* [INFORMATION SUPPLIED]:
- - - - - - -

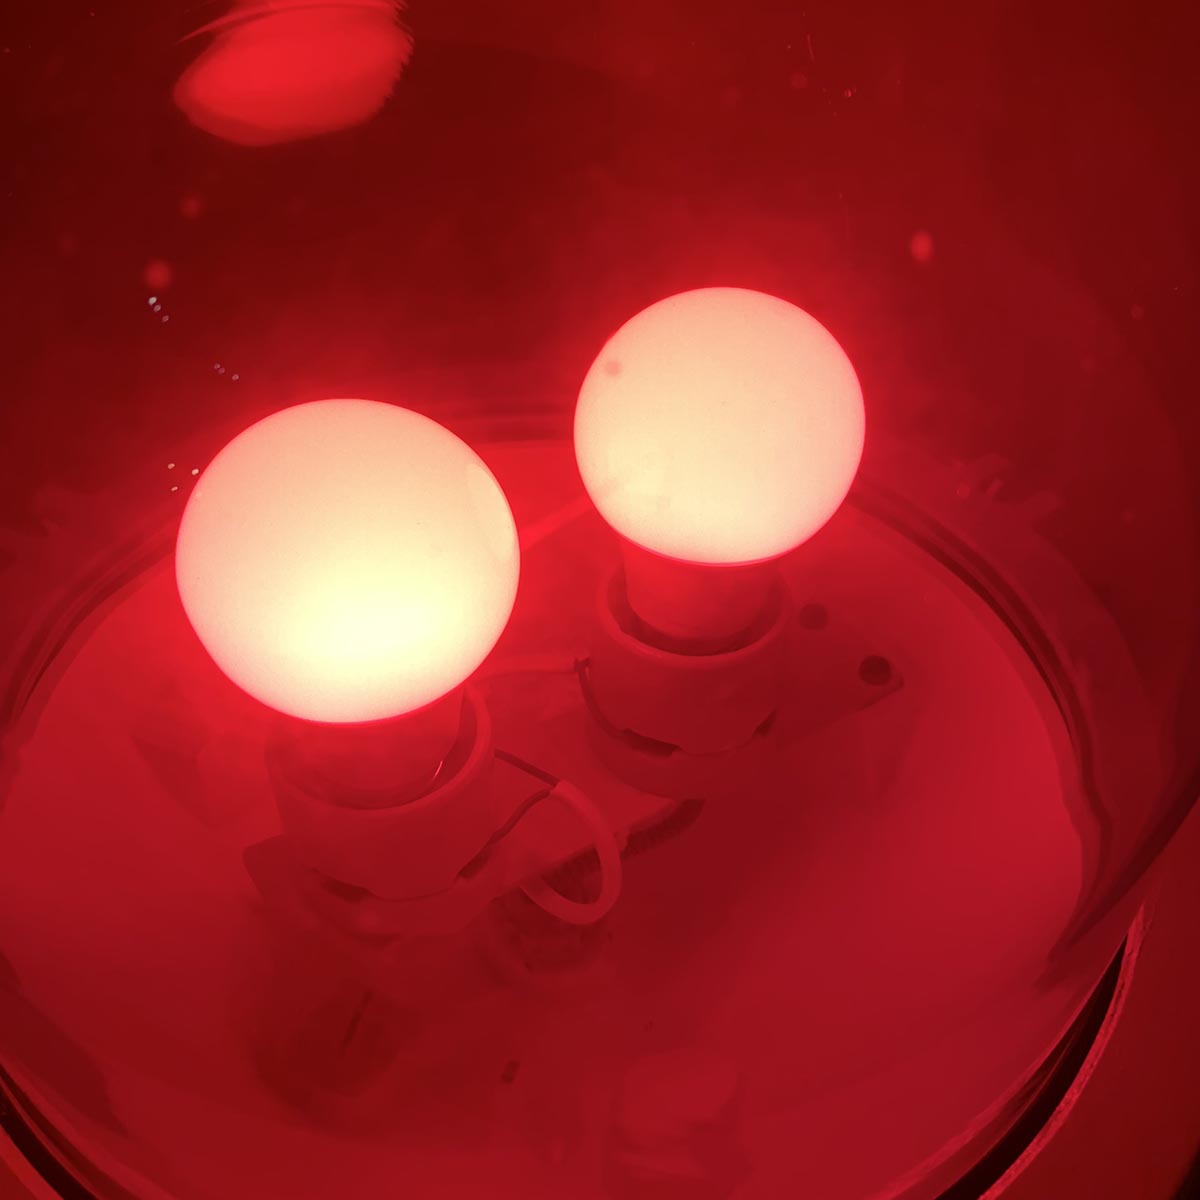 Detail of the two LED bulbs in a AEG obstruction light.
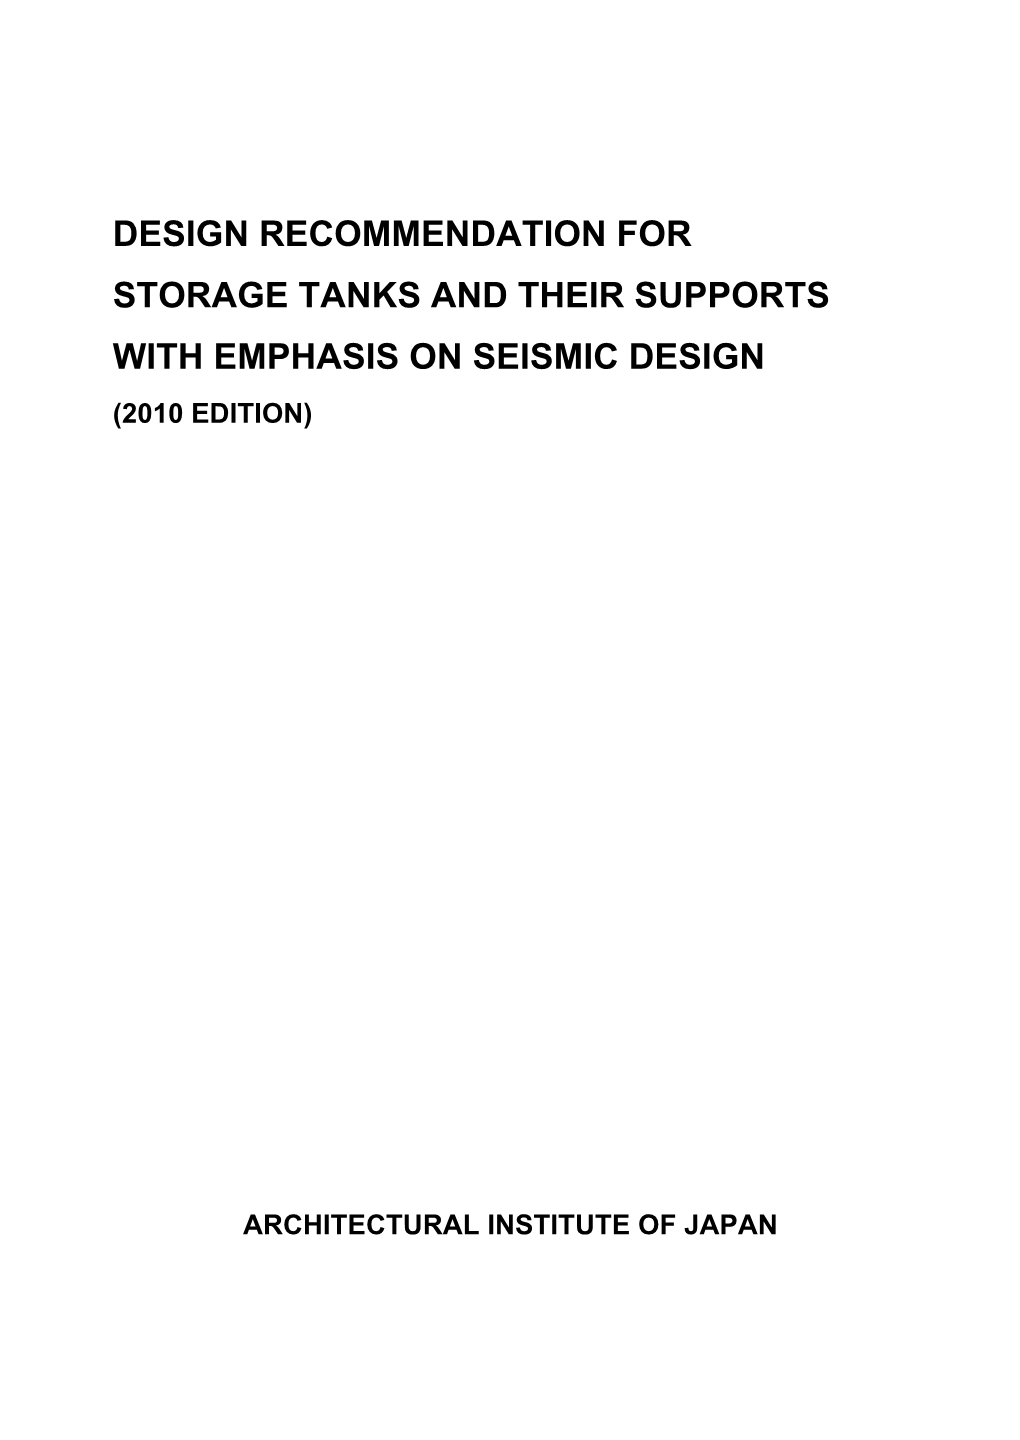 Design Recommendation for Storage Tanks and Their Supports with Emphasis on Seismic Design (2010 Edition)
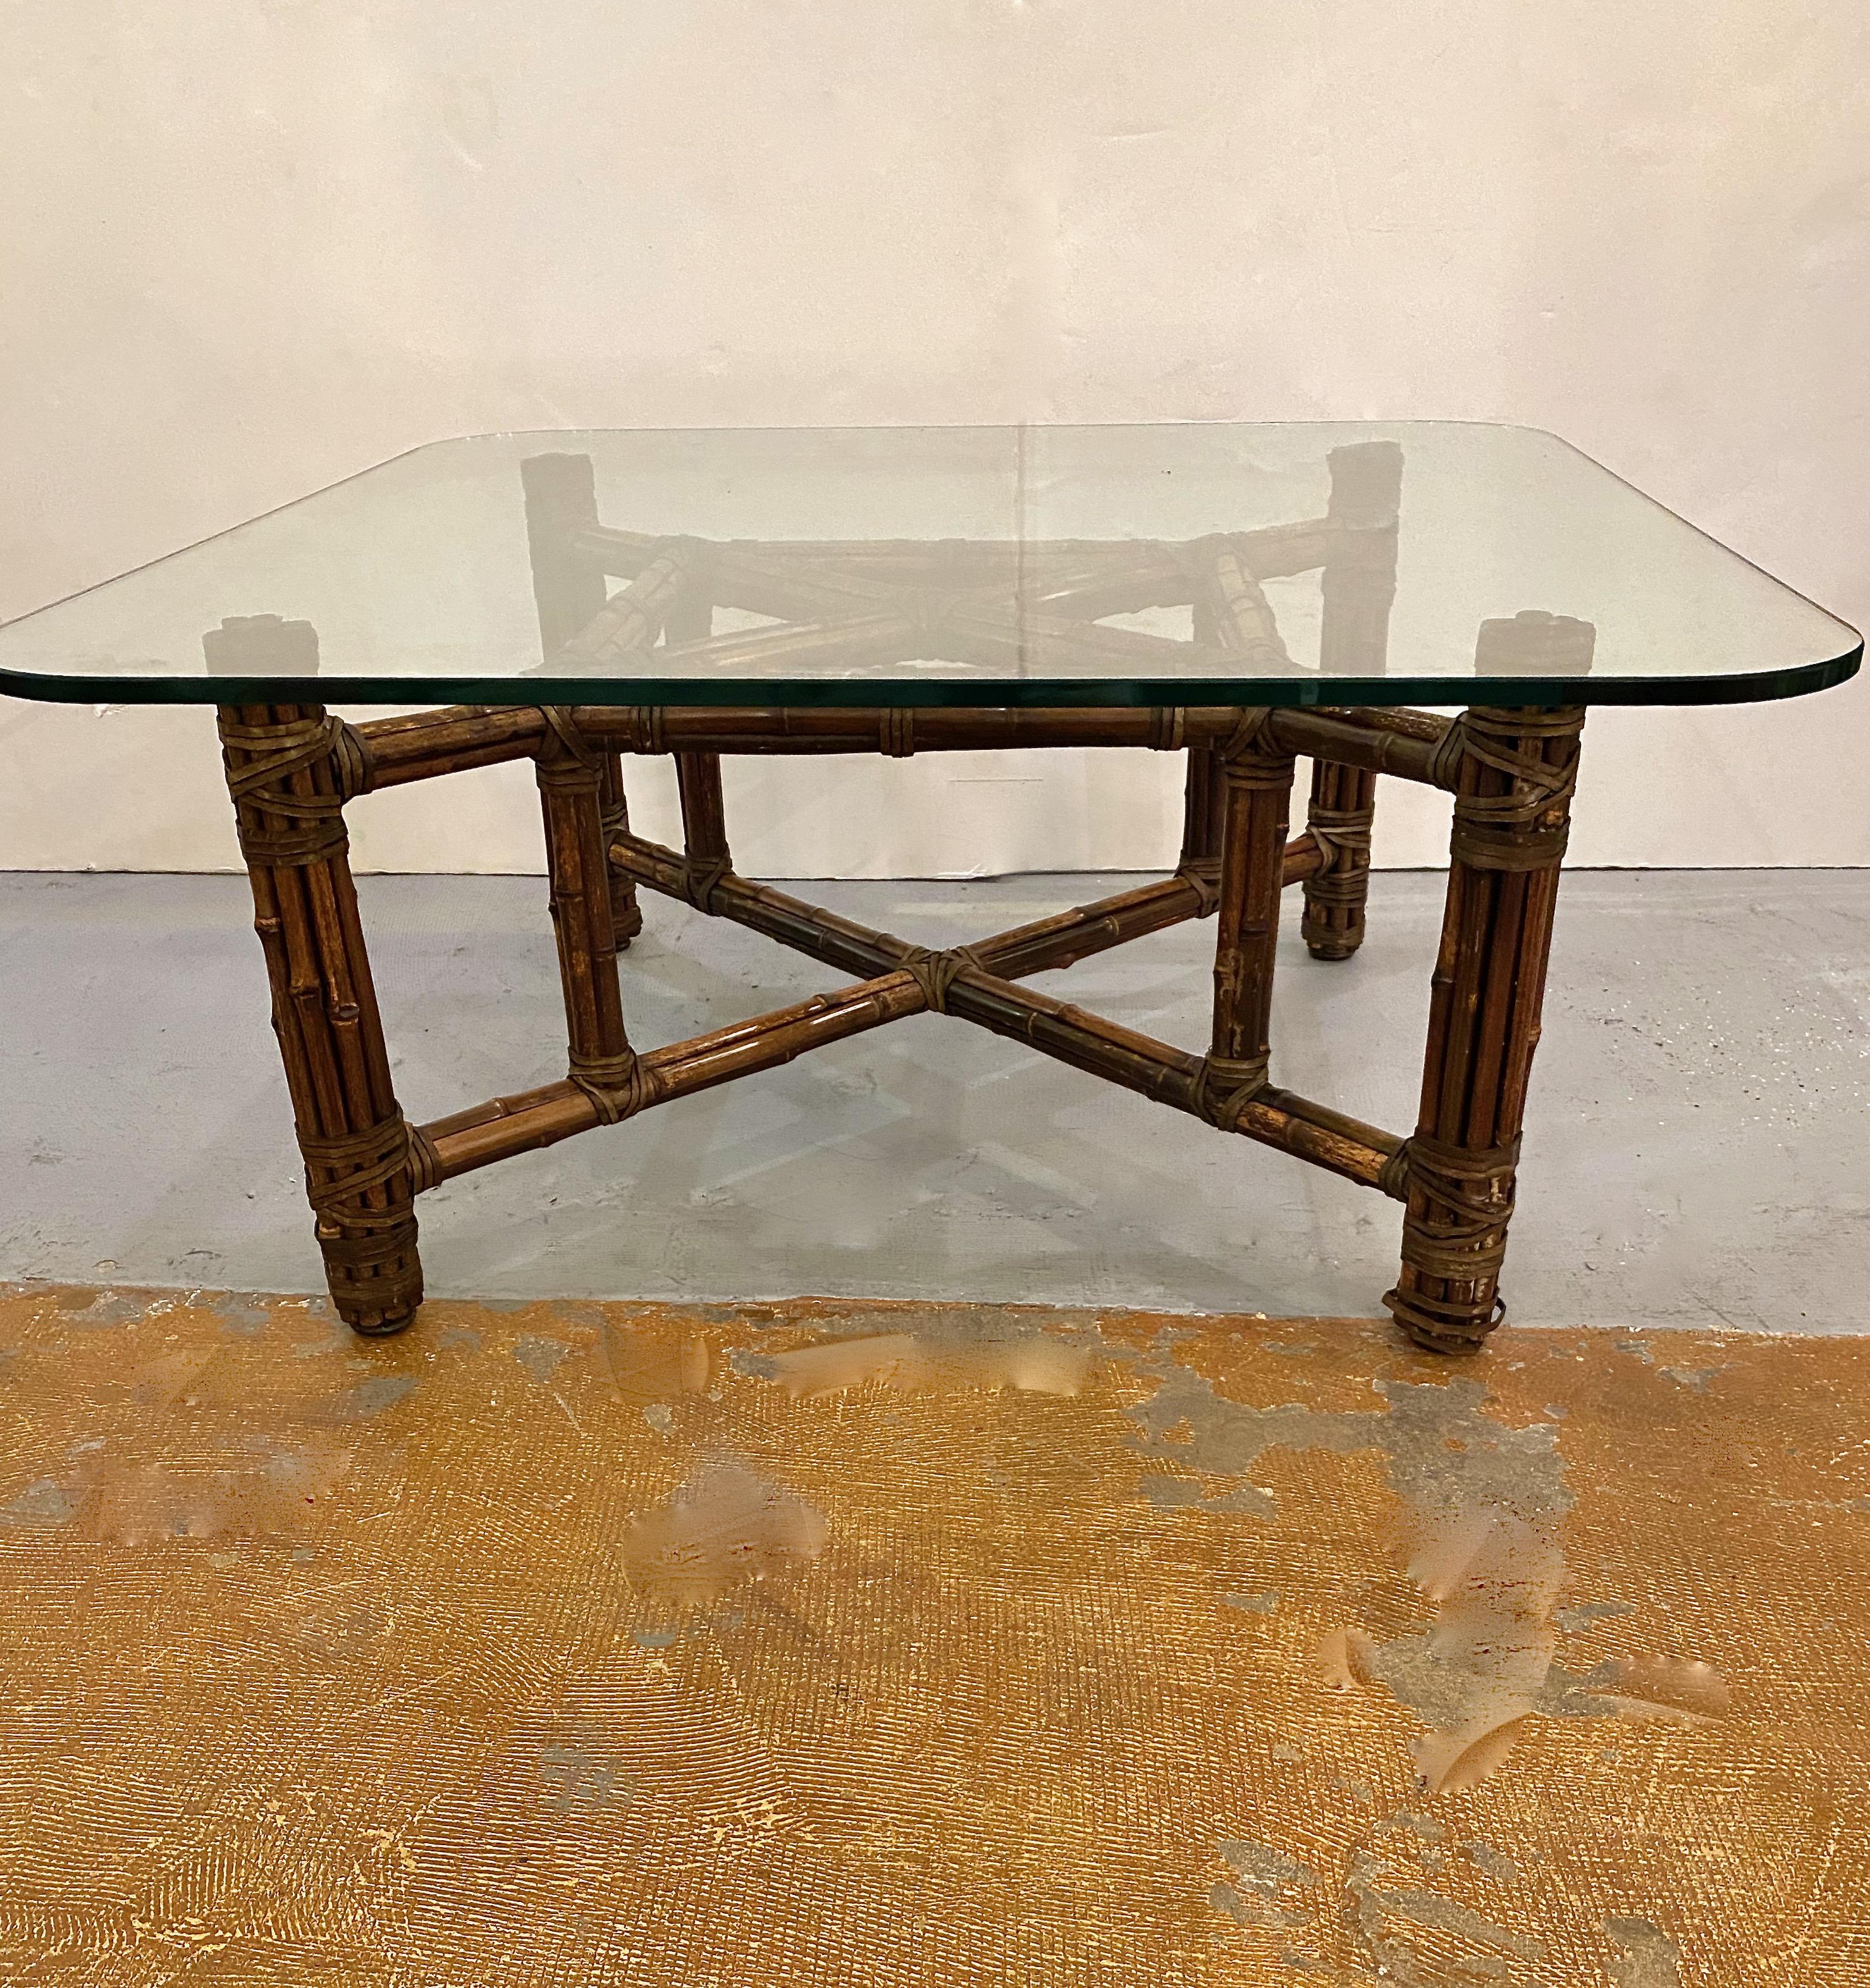 This is a charming McGuire-attributed small coffee table. All design details conform to McGuire tables, but this table does not retain a McGuire tag. The table is in very good original condition. The replaced glass top is of the highest quality
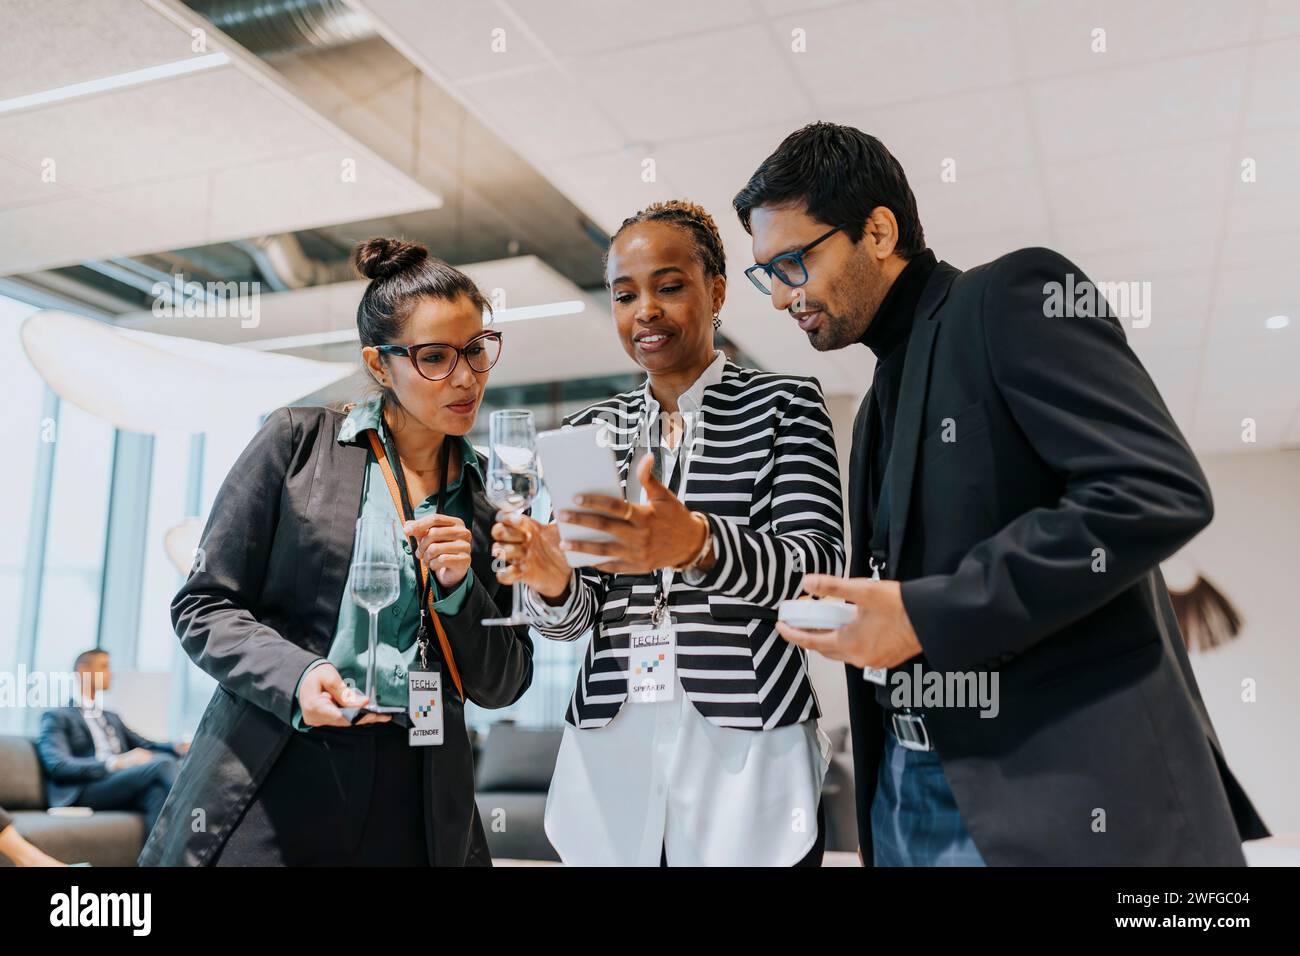 Businesswoman sharing smart phone with delegates during networking seminar Stock Photo

- - - - - - -

Write out exactly, with no pictures, each line from the one containing "Design Recommendation for" through the last line of the listing above, both included.

 Design Recommendation for Storage Tanks and Their Supports with Emphasis on Seismic Design (2010 Edition)
 This is a charming McGuire-attributed small coffee table. All design details conform to McGuire tables, but this table does not retain a McGuire tag. The table is in very good original condition. The replaced glass top is of the highest quality
 Businesswoman sharing smart phone with delegates during networking seminar Stock Photo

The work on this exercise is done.